また、今回の芸人の発言の中で、ユーチューブなんてあと2、3年で終わるというものがあったようだが、ユーチューブにはテレビ以上にたくさんのコンテンツがあり、面白いだけでなく、学ぶとか、共有するとか、色んな要素があるので、同じような動画サイトが出来て、投稿者が広告収入をより得られるものが出来ない限り、ずっと続くだろうし、ユーチューバーも安泰だとは思う。家に固定電話を置かない世帯が増えているのと同様に、wifiはあってもテレビは買わないという人も増えているから、むしろスマホでユーチューブの方が一般的になりテレビより視聴者が増えるだろうし、テレビは今のラジオのようになっていくかもしれない。ただ、ユーチューブは残っても、ネタ切れで動画が配信出来なくなり、消えていくユーチューバーも多いので、それに関しては何とも言えない。

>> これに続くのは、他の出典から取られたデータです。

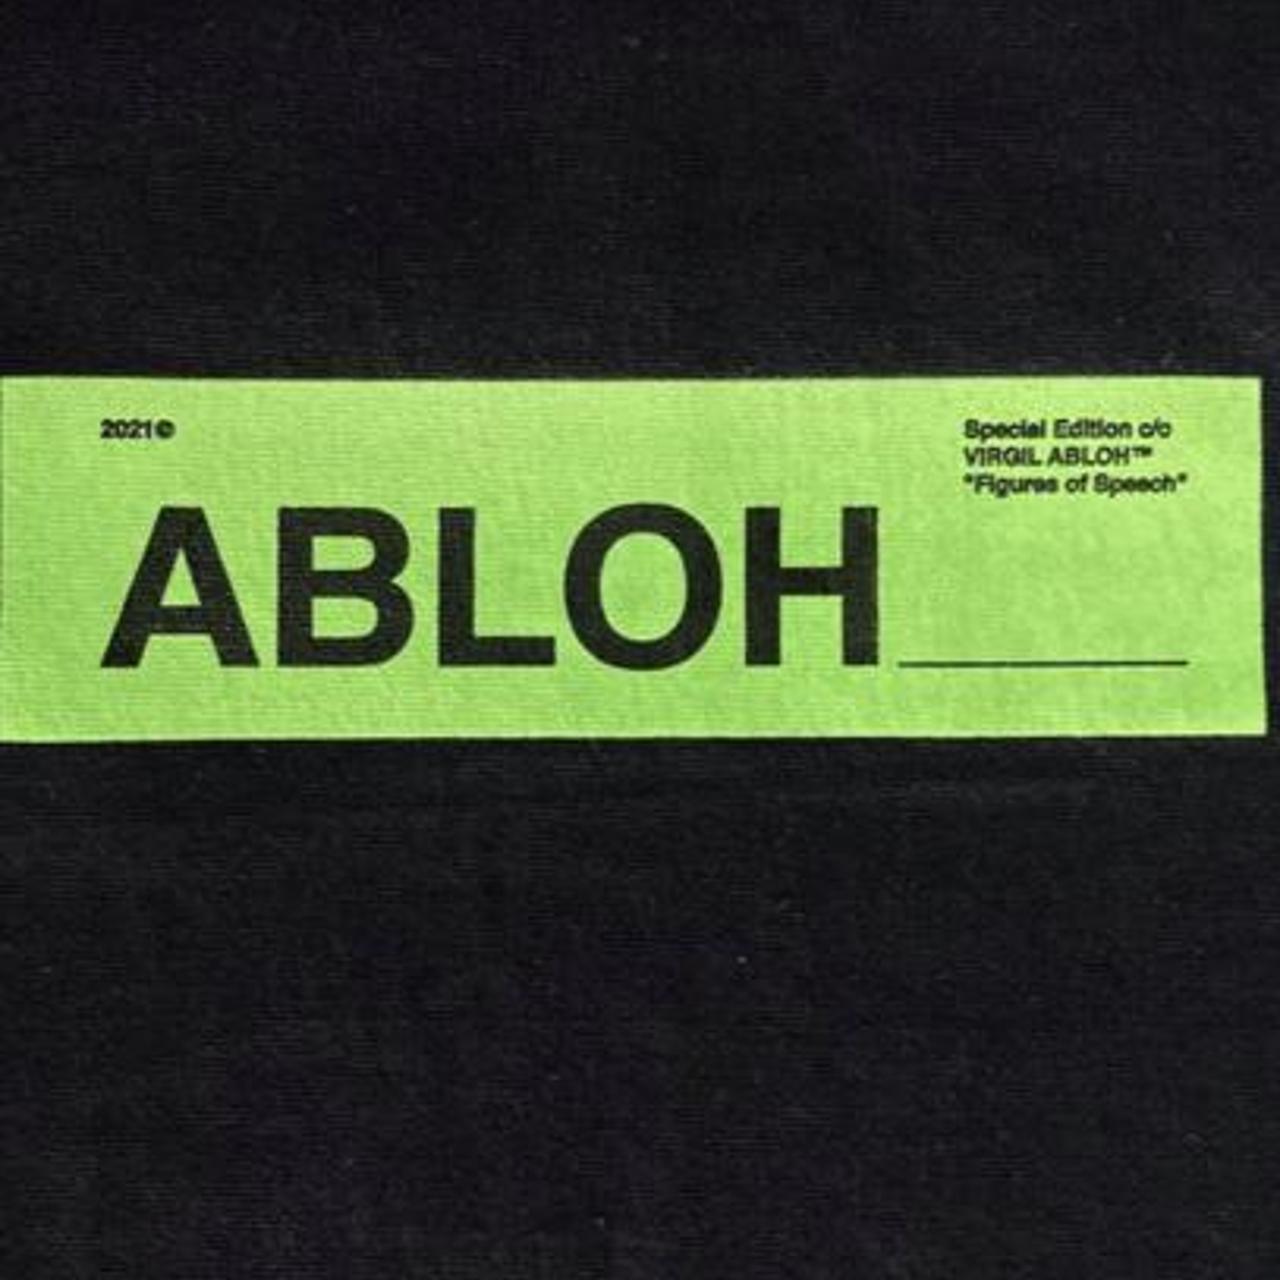 Virgil Abloh: Figures of Speech Special Edition

そして、なんとなく稚拙なやりとりをお互いにして、大きな騒動にし、色んな芸人がそれに乗っかる形で盛り上げているが、どのような結果になろうと、つまり芸人が名乗りをあげて対談するにしても、このまま雲隠れしても、そもそもこの話自体が作り話だとしても、勝者はこの騒動で知名度をあげ、動画再生回数を上げたヒカルさんだったりもする。ユーチューバーにとって一番の急所、それはネタ切れである。それをあの手この手で乗り切ることが彼らの使命だとすると、今回の騒動もその一端なのかとも思えてしまう。
私も本来このようなニュースを取り上げることはしないのだが、今回は職業差別の問題、年収と価値の問題、トーク力の問題など、私の琴線に触れることが多かったので、取り上げさせてもらった。